The Real Enterprise 2.0

Nenshad Bardoliwalla, former CTO for Enterprise Performance Management (EPM) and Governance, Risk, and Compliance (GRC) at SAP, has written an excellent article that provides "the missing components of the full Enterprise 2.0 picture". It is a must read, both for those who don't see how Enterprise 2.0 fits into their business and for all those Enterprise 2.0 evangelists that seem to think that a new major version does not build upon all previous versions, whether it is a software or an enterprise. Here is a teaser, but you must read the full article since it describes where Enterprise 2.0 fits in the Enterprise:
These definitions of Enterprise 2.0 and their juxtaposition against the definitions of Enterprise 1.0 are misguided. I am certain based on my experience that the free form emergent world depicted as Enterprise 2.0 is NOT an evolution from the structured world of Enterprise 1.0, but rather, the two will exist in an intertwined tapestry that defines the full breadth of what today's enterprises need to look like. It's extremely unhealthy for our industry to pit these two worlds against each other because they will perpetually co-exist."



If an Enterprise 2.0 tool can: increase the average deal size, reduce cost to serve, increase customer loyalty, decrease new product development time, etc., than there is a legitimate business use case and a hard ROI associated with it. So my advice to both the zealots and naysayers of Enterprise 2.0 would be to take an existing, legitimate pain point, like offer creation, or product development, or customer service, and start by benchmarking your current metrics. If an Enterprise 2.0 tool can move those metrics in the right direction in a provable way, you will have real, hard ROI. If the tool doesn't contribute to moving those process metrics in the way you hoped, then you might have a problem with your executive sponsor.

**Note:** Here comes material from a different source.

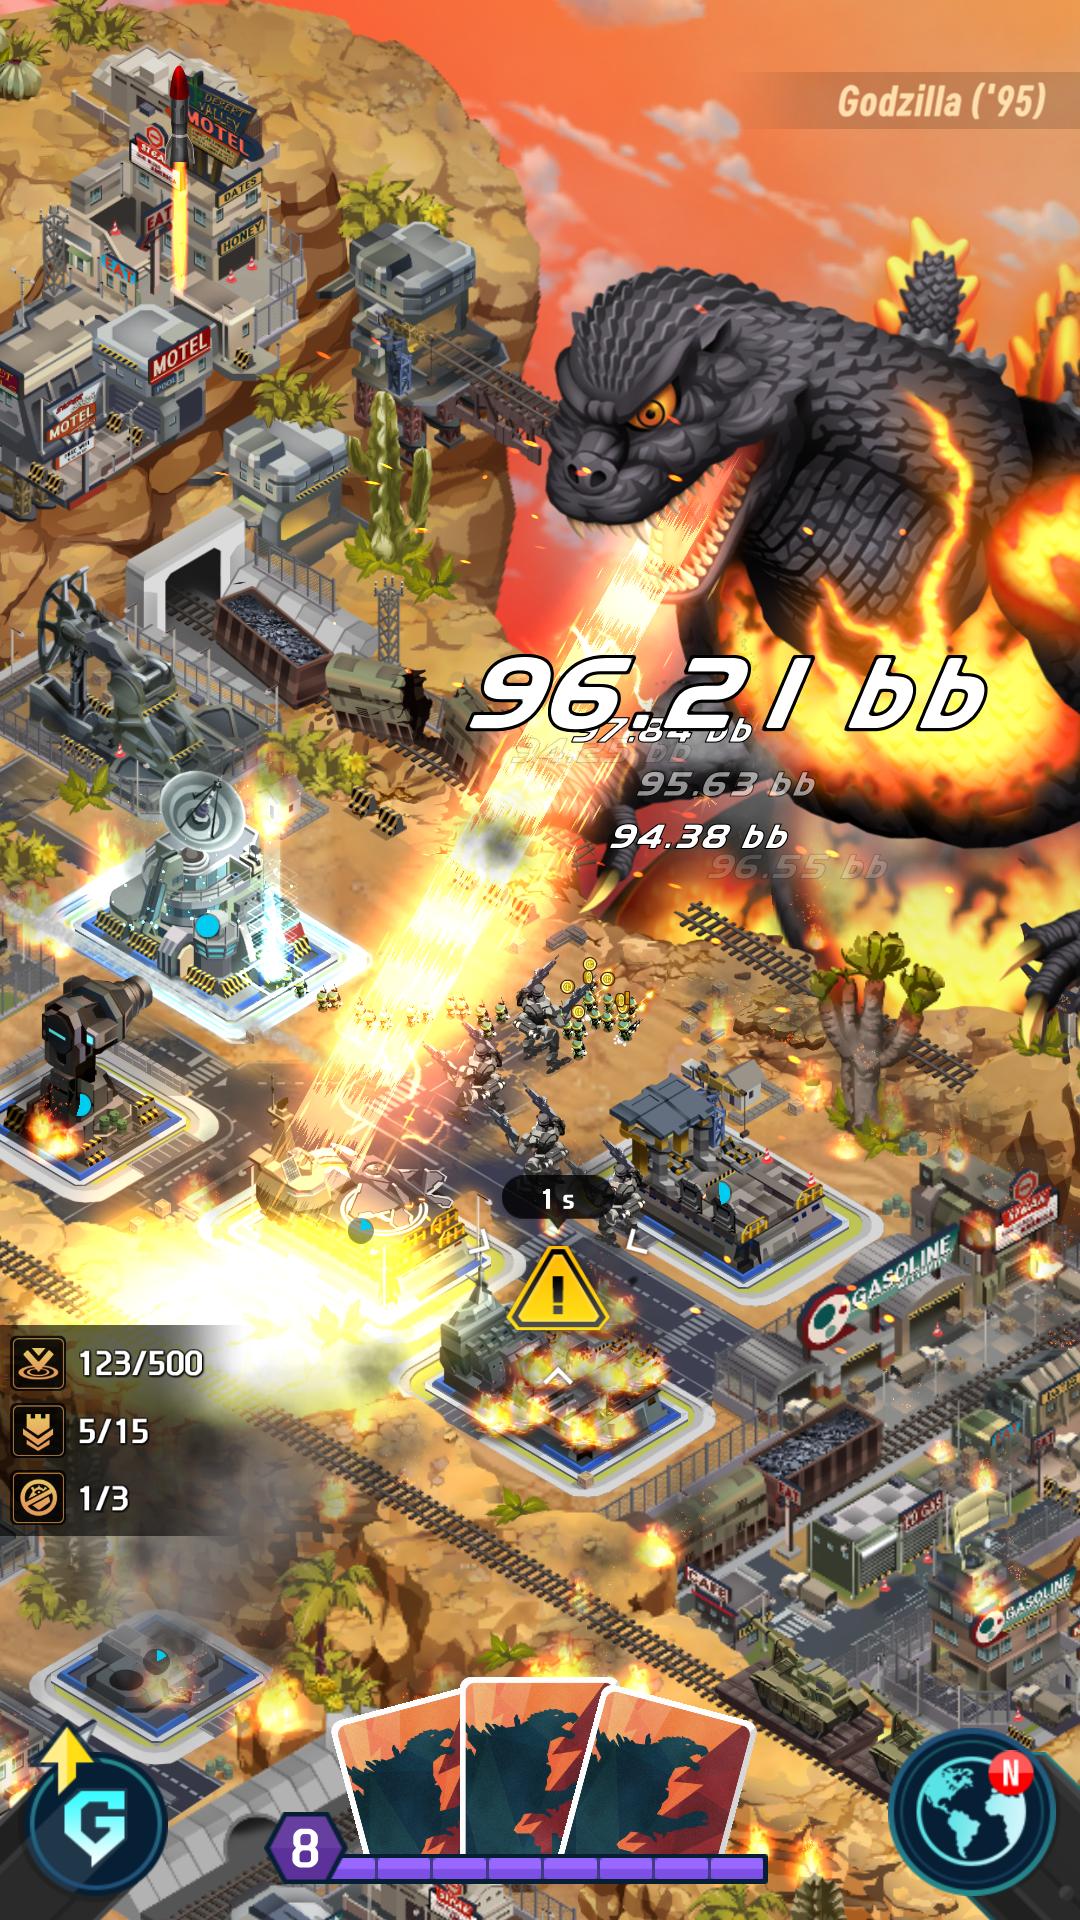 Godzilla Defense Force For Android Apk Download - godzilla free roblox

My comment to the last part about ROI, as I argued in my previous post, is that most organizations are missing "current metrics" when it comes to "knowledge work" that surrounds, enables and supports existing business processes in, say, the R&D and Marketing & Sales departments. They either don't have enough metrics, or the right ones to tell them how they actually perform. This means that there is no baseline to start from and from which to build your business case and calculate ROI. The challenge here is that we need to establish this baseline before we can prove that we can improve it. To be able to do this, we also need develop new or refined approaches, methods and metrics that allow us to establish this baseline because the ones that we have used when measuring performance in transactional business processes can't easily be applied to knowledge work.